Питательно только зерно; кто же станет сдирать шелуху для тебя и меня?

Если что-нибудь священно, то тело людей священно…

(Уолт Уитмен. Листья травы)

Люди становятся тупыми, когда перестают быть охваченными страстью.

(Гельвеций. Об уме)

Смутно помню довоенную Москву – всю в рельсах трамваев, еще тесную, булыжную и по всем окраинам деревянную, глухую заборами. А за окраинами – сосновые боры, луга. Я босиком бегал купаться на Москву-реку.

Москва военная – в памяти тросы аэростатов, синева прожекторов, рев сирен. В парках валили вековые деревья, разделывали и закатывали на щели. Эти глубокие щели выкапывали тут же, возле клумб, аллей, фонтанов. И, конечно, стекла – все в нахлестах бумажных полос. Весь огромный город в бумажных лентах, черный с первыми сумерками – ни огонька, лунно-призрачный.

Разве думал я мальчишкой, гоняя зимними вечерами консервную банку вместо мяча по ледяной мостовой, что настанет время и я буду пробовать в этом родном мне городе свою силу и свои первые мировые рекорды? Мы, голодные, одетые кто во что, забывали о консервной банке-мяче в мгновения победного салюта.

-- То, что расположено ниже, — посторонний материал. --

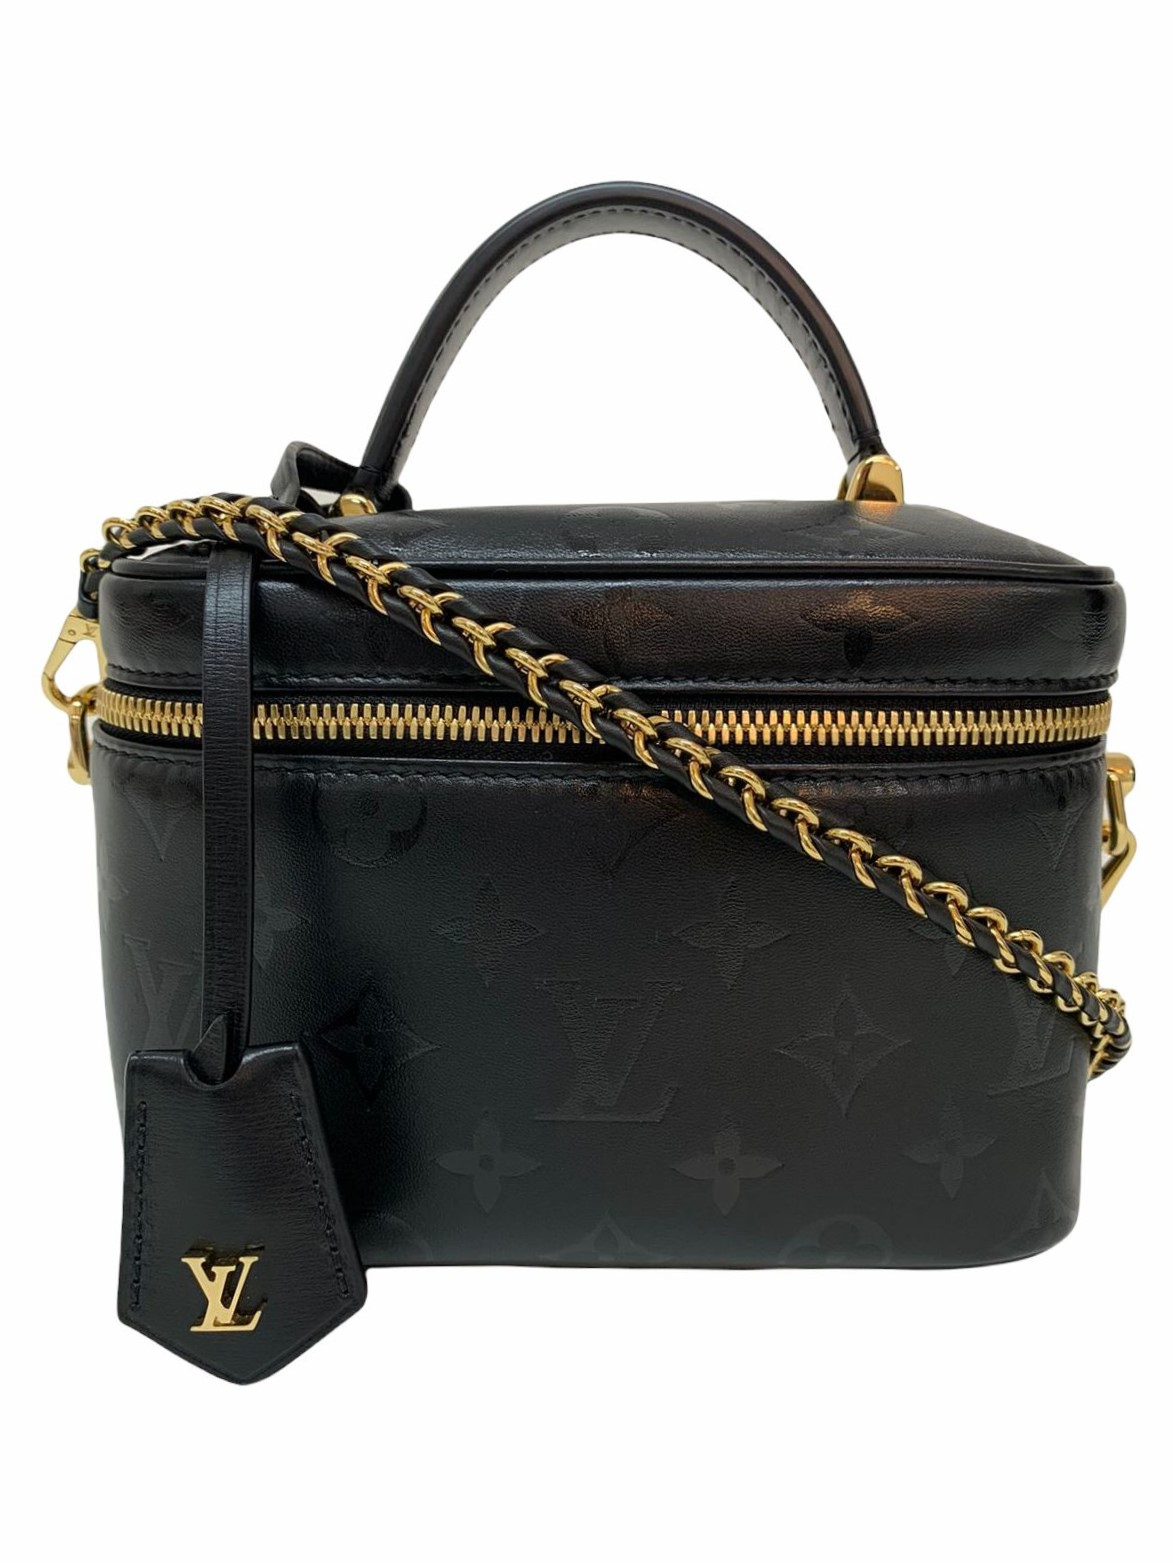 Bolsa Louis Vuitton Vanity PM

Как неожиданно ярко расцветала затаенная ночью Москва под залпами ракет!..

Как же мы мечтали о силе, как завидовали сильным! Уже тогда я услышал имена Куценко, Амбарцумяна! Какие чудеса мне рассказывали об их силе!

Помню великое торжество Мира – всеобщее паломничество на Красную площадь. В день 9 мая, под утро которого было объявлено об окончании войны, с места тронулся весь люд: и дети, и старики, и взрослые – все шли к Красной площади. Помню скрещение прожекторов над Красной площадью и гул голосов, наверное, миллионов голосов… Я протиснулся с братом и мамой на Каменный мост. Сердце русского народа было распахнуто перед нами: Кремлевская и Москворецкая набережные, бастионно-строгая зубчатость стен Кремля, святой народной памятью собор Постника и Бармы, звонница Ивана Великого, черный глянец Москвы-реки, переливчатой огнями. Толпа кидала в воду монетки – каждый на счастье.

Я за братом закрутил с пальца и свою – она потерялась в дожде монеток. Каждый загадывал, ждал, желал счастья!

И лежит, лежит на дне Москвы-реки мой пятак. Хранит мое счастье.